We have most of them sorted by POG, with the exception of the ones that got wrapped and put up while the network was acting up Tuesday. Those were for the most part sorted by POG but we had no way of knowing for sure. But we have them labeled BTS or BTC, POG (if able), and set date. Our overnight starts Sunday, which also starts our 5 truck week. I am getting my xanax ready for the end of next week.



commiecorvus said:


> How do you eat an elephant?
> One bite at a time.
> 
> Write a list of all the things that you can immediately see as broken, then prioritize the top three.
> ...


That advice is well received, thank you. I will start making an outline and plan soon. Not sure if it will realistically happen until after next week though. Five trucks. What the hell were they thinking.

I realized today that I have some people trying to set me up to fail, so I am going to have to learn quickly which ones I can trust and which ones I can't. Also realizing that a major part of my position is going to be reigning in ETL's expectations into the realm of reality, for a while anyways. Can't expect more work to be done when giving people less hours. Also can't expect my TM's to do 8 hours of work in a 3.5 hour shift.


----------



## Hardlinesmaster (Jul 3, 2019)

Be ready to run & jump.


----------



## commiecorvus (Jul 4, 2019)

Keep in mind that you will never have time to fix things.
There is a reason why people have let them get the way the are and just got used to the brokeness.
Its not because they were lazy or stupid.
Its because there is never enough time.

If you want to fix these things, you will have to get out a very big knife and carve out the time.
Then use that knife to guard that time with tenacity and pigheaded stubbornness.
You will have justify why you are taking the time and will probably have to have results to prove why it was worth it.
I suggest using lots of corporate speak like "paradigm shift", "raise the bar", "synergy", "benchmark", "In the pipeline", "360-degree thinking", and my least favorite, "maximize power thinking".

Most of all you will want to do your best to protect your people from the shit that is raining down from above.
The best bosses I have ever had managed to keep the folks above us from making our lives miserable while at the same time getting us to do what was needed.


----------



## fun at target (Jul 4, 2019)

Like otheres said found out what TM is the strongest in inbound process and use then as your right hand man 
They normally have a good idea of who can do what and how the process works at there store and you dont necessarily have to listen to everything but getting there advise well help you make your own decisions n how to tackle that days unload. Because with inbound its either going to run super smooth or everything well go wrong and everyone well be stressed to the max.


----------



## SprooseMoose (Jul 8, 2019)

commiecorvus said:


> Keep in mind that you will never have time to fix things.
> There is a reason why people have let them get the way the are and just got used to the brokeness.
> Its not because they were lazy or stupid.
> Its because there is never enough time.
> ...


I'll keep this in mind. I appreciate the input. Next week I definitely plan on getting some other stuff done since the transition will be done and we will be back down to normal trucks.
When I was in leadership/management in other jobs, I always protected my people because as long as they were doing the work I was asking them to do and weren't slacking off I saw no reason to let the shit roll any further downhill. Same with making sure they have everything they need to do their job and succeed. 



fun at target said:


> Like otheres said found out what TM is the strongest in inbound process and use then as your right hand man
> They normally have a good idea of who can do what and how the process works at there store and you dont necessarily have to listen to everything but getting there advise well help you make your own decisions n how to tackle that days unload. Because with inbound its either going to run super smooth or everything well go wrong and everyone well be stressed to the max.

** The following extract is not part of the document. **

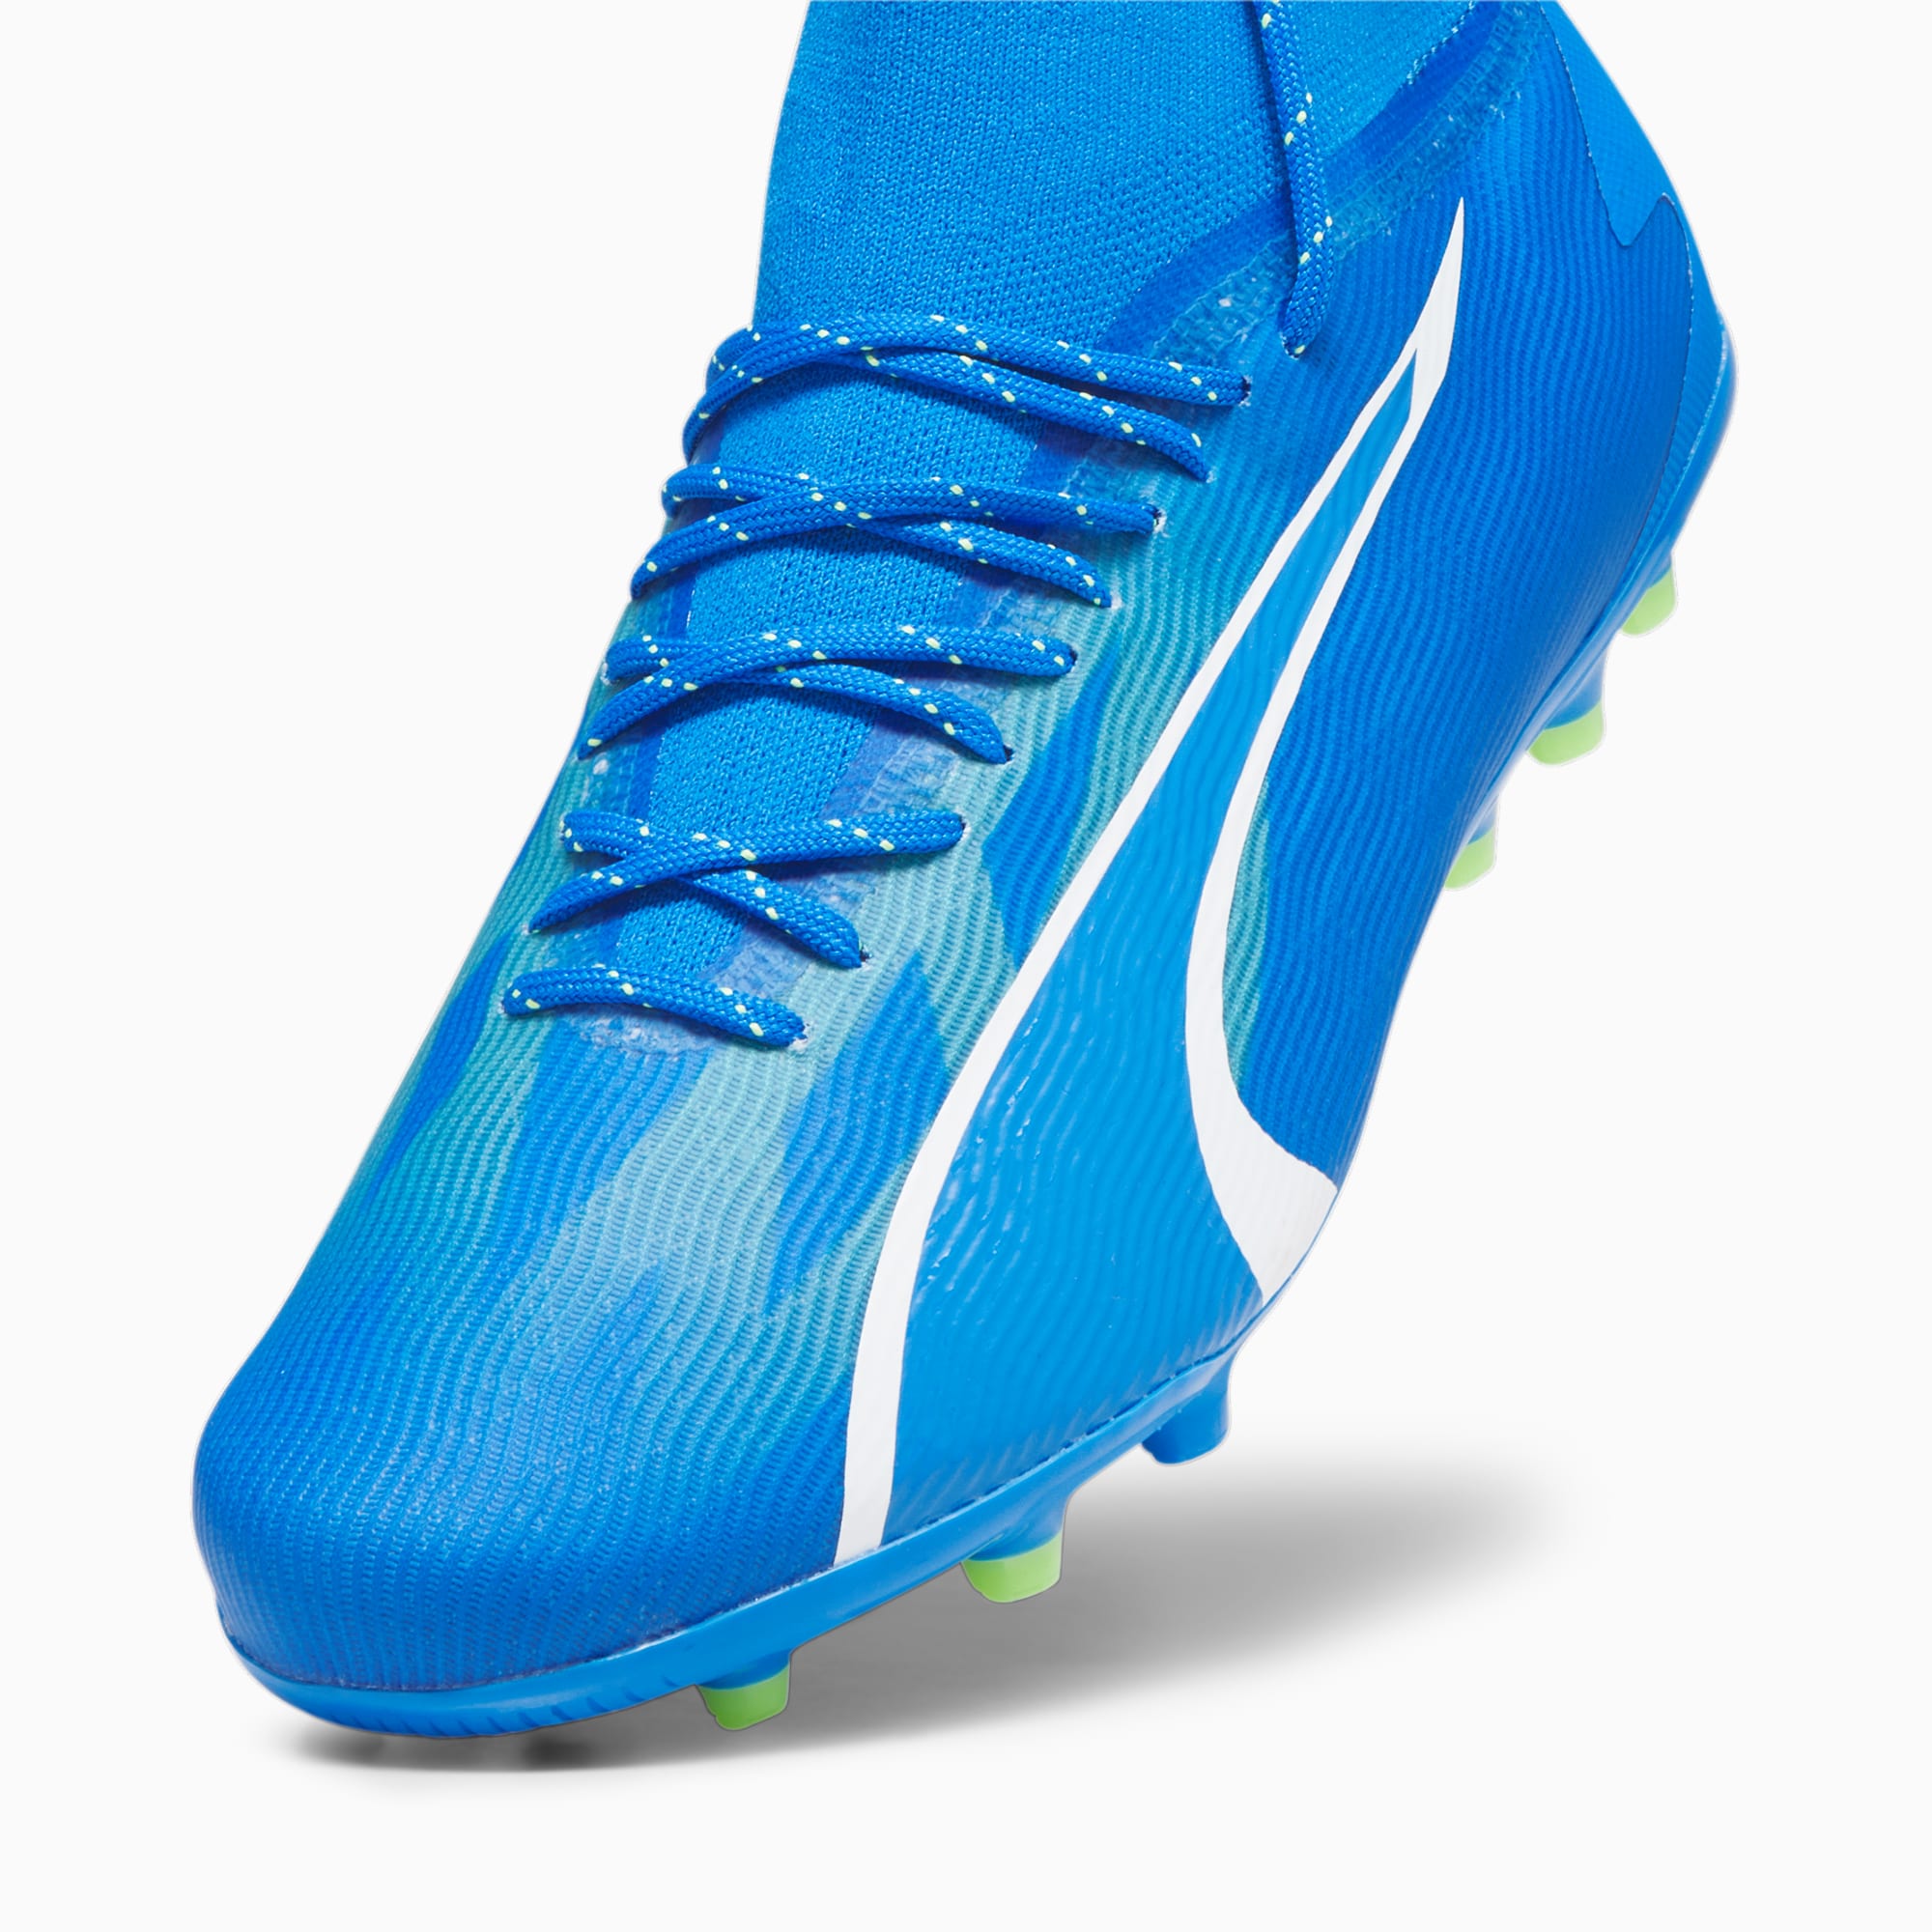 PUMA Chaussures De Football ULTRA PRO MG Pour Homme, Bleu/Vert/Blanc

I've found that guy already. He's our old "backroom" guy and now he works trucks and does pulls for P2 on non truck days usually at least so I hear. 
And I obviously don't have anything I can compare it to since I've only seen transition and pre-transition trucks so far. But as it stands I think things can run smoothly but some things definitely need to be fixed in order for that to happen.


----------



## Serabears (Nov 30, 2019)

I'm curious how your situation is turning out? I myself just took GM1 and have lots of work to do!


----------